* **Prompt**: Every line below that holds "телефона" must be copied.

* **Extracted data**:
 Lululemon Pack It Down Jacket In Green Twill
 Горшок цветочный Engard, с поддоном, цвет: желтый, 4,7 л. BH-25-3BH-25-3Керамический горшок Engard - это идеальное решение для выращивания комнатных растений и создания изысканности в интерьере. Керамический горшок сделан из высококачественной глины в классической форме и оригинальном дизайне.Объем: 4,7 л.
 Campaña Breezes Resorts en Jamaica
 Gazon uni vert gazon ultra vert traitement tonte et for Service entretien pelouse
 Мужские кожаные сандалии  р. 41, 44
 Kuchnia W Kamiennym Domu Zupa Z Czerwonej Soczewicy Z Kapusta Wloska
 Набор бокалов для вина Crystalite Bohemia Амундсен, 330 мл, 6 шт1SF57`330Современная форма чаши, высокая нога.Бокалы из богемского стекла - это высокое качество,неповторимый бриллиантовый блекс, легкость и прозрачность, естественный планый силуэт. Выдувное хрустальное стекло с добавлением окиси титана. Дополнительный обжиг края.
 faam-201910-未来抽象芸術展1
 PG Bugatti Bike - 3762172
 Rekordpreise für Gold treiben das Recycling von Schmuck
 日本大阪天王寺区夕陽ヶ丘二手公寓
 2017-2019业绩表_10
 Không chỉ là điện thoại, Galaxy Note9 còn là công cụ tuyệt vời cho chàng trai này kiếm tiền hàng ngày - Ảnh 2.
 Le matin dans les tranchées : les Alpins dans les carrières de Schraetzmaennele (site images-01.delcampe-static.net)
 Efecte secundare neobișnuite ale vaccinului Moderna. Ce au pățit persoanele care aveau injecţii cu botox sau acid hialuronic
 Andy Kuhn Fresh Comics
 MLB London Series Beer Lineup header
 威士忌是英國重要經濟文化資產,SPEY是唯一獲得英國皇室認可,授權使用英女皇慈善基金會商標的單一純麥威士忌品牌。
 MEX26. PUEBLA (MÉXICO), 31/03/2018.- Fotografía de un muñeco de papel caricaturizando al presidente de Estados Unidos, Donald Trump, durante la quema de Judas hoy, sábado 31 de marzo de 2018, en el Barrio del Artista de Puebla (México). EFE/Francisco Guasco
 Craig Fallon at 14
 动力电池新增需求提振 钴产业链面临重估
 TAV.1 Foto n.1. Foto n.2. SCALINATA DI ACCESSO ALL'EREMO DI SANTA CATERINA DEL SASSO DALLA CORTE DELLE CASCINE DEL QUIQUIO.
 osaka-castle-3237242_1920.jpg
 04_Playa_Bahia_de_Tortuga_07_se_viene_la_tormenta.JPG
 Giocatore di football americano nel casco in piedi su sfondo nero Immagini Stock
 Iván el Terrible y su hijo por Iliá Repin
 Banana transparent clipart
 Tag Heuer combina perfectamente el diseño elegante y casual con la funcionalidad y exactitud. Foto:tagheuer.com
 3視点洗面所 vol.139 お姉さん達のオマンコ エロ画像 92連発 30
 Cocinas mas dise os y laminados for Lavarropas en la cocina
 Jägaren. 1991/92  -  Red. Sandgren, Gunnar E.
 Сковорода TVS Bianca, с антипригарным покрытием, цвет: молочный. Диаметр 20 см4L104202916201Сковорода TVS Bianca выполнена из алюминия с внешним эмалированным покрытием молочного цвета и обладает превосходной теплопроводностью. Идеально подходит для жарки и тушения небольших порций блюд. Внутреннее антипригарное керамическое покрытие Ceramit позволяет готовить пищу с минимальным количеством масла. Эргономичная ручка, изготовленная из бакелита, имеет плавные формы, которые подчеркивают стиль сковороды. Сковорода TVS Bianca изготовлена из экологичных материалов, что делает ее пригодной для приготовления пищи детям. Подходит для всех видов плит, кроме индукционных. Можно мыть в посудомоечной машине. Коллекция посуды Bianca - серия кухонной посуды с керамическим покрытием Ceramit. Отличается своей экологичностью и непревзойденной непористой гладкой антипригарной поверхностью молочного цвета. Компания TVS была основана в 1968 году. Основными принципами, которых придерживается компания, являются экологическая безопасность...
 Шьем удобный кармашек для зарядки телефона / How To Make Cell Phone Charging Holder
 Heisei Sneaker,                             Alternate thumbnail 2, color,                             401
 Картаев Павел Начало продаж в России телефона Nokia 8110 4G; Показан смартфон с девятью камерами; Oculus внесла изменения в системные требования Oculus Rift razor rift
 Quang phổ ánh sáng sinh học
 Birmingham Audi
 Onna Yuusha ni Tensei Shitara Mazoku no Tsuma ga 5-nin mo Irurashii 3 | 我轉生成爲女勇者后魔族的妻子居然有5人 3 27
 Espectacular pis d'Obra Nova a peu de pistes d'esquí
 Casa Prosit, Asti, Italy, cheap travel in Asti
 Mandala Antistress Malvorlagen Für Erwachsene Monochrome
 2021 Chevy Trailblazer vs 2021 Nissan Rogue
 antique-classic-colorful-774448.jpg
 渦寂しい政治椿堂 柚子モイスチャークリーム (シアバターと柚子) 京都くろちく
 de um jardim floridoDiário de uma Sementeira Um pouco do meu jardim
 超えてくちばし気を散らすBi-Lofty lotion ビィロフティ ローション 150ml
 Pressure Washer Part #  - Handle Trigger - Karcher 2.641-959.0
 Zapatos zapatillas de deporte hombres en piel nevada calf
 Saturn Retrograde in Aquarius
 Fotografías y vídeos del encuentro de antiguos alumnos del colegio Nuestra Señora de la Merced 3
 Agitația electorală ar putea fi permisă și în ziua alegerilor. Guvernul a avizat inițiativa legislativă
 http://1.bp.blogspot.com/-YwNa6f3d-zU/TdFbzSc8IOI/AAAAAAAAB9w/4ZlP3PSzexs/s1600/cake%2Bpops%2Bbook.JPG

* **Exercise answer**:
 Шьем удобный кармашек для зарядки телефона / How To Make Cell Phone Charging Holder
 Картаев Павел Начало продаж в России телефона Nokia 8110 4G; Показан смартфон с девятью камерами; Oculus внесла изменения в системные требования Oculus Rift razor rift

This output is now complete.